O governo federal já tem asseguradas terras para 92.700 famílias. Até o mês de outubro, 66 mil famílias tiveram seu processo de assentamento concluído. O restante (26.700) já está com suas terras garantidas. O Plano Nacional de Reforma Agrária (PNRA) prevê o assentamento de 115 mil famílias até o final do ano. Os números foram apresentados nesta quarta-feira (10) pelo ministro do Desenvolvimento Agrário, Miguel Rossetto, que esteve reunido com representantes do Movimento dos Trabalhadores Rurais Sem Terra (MST) por quase três horas e meia.

De acordo com os dados divulgados pelo ministério, das 92.700 famílias, 50.600 possuem Relações de Beneficiário homologadas (documento que legitima o assentamento), 15.400 estão em processo de legitimação e 26.700 processos estão encaminhados.

Ao final do encontro, os líderes do movimento disseram acreditar que a meta do PNRA poderá ser alcançada até o final do ano. “A meta de assentamento de 115 mil famílias foi estabelecida pelo governo e ficou abaixo do que nós queríamos. Mas ainda temos dois meses pela frente e esperamos que o número seja atingido até o dia 31 de dezembro”, afirmou o coordenador estadual do MST em São Paulo, Gilmar Mauro.

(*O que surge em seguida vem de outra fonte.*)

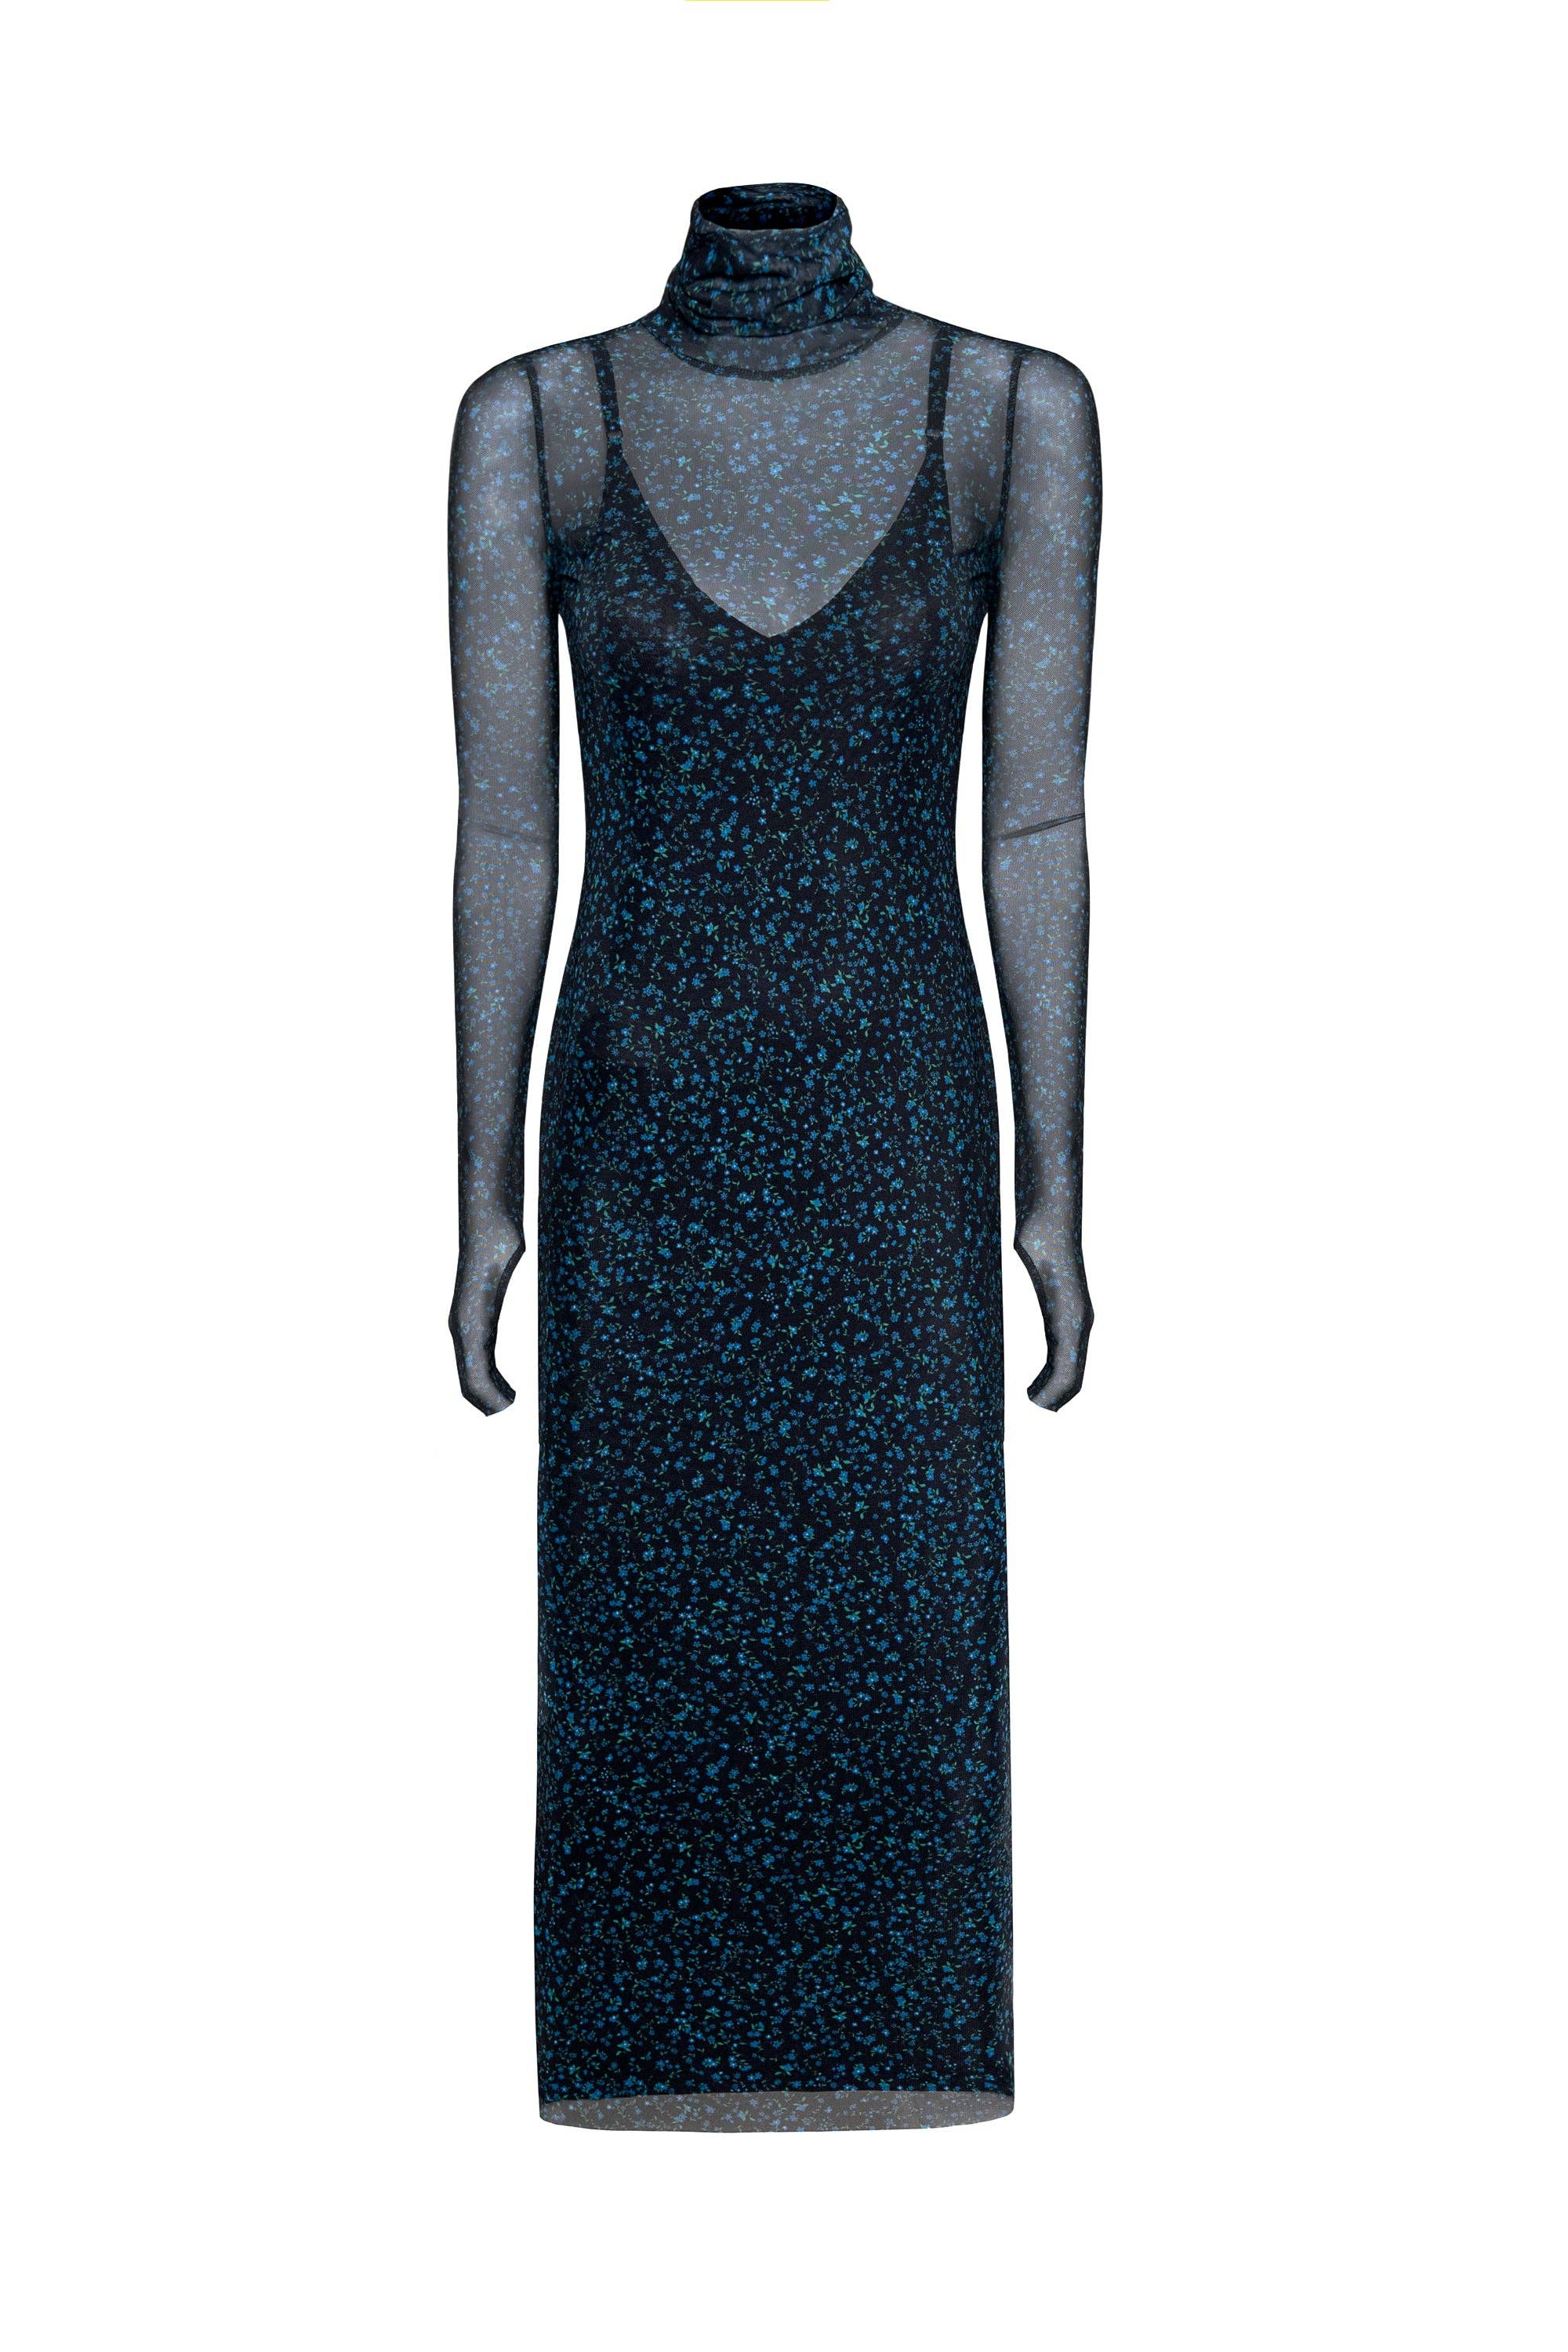 AFRM - Shailene Mesh Dress - Blue Daisy Ditsy

Segundo Miguel Rossetto, para cumprir a meta do PNRA, o ministério necessita da suplementação orçamentária que deve ser aprovada pelo Congresso Nacional. “Embora tenha havido um retardo no processo por causa dos três meses de paralisação do Incra, os números são muito fortes e nós ainda temos dois meses pela frente. Estamos trabalhando muito para nos aproximarmos de uma forma muito substancial da meta estabelecida. A minha expectativa é que o Congresso possa aprovar num prazo o mais rápido possível a suplementação de 296 milhões de reais para que possamos, portanto, acelerar nesses dois meses todo o nosso trabalho”.

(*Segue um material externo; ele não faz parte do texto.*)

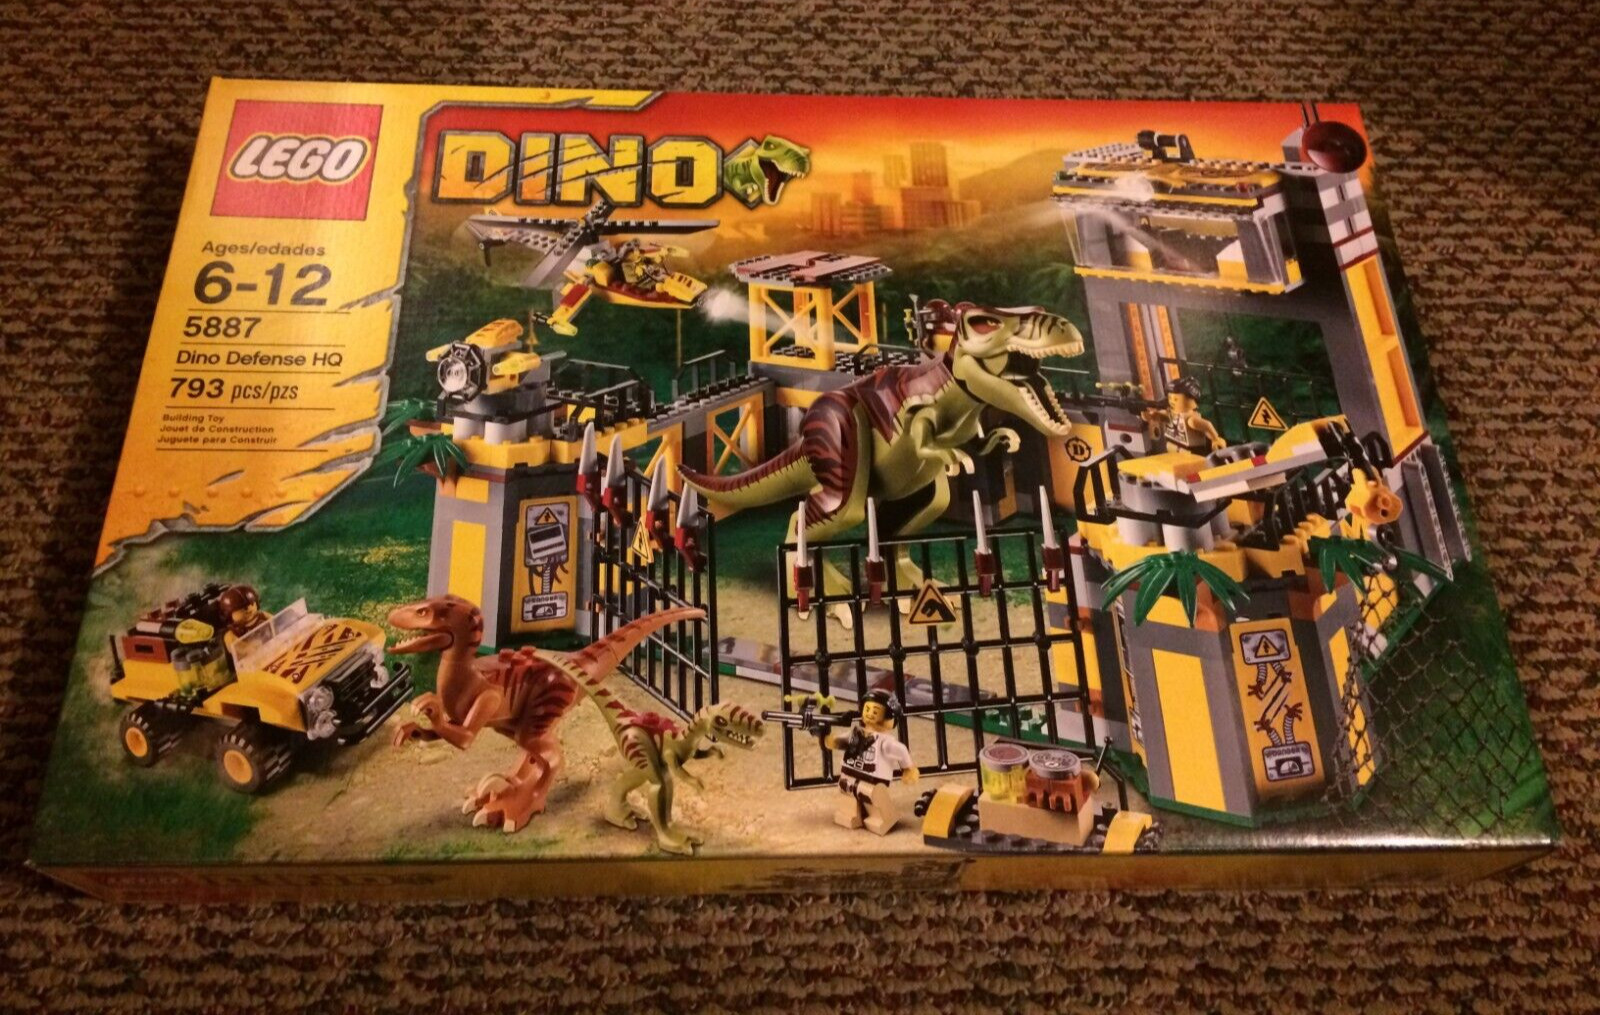 LEGO 5887 Dino Defense HQ - BRAND NEW SEALED, Slightly Creased

Gilmar Mauro também ressaltou a importância da liberação dos recursos destinados à reforma agrária. “É preciso que os ministérios da Fazenda e do Planejamento liberem recursos porque existe um significativo estoque de terras para a resolução de uma série de problemas estaduais e regionais que não vão ser viabilizados se não houver dinheiro para isso”.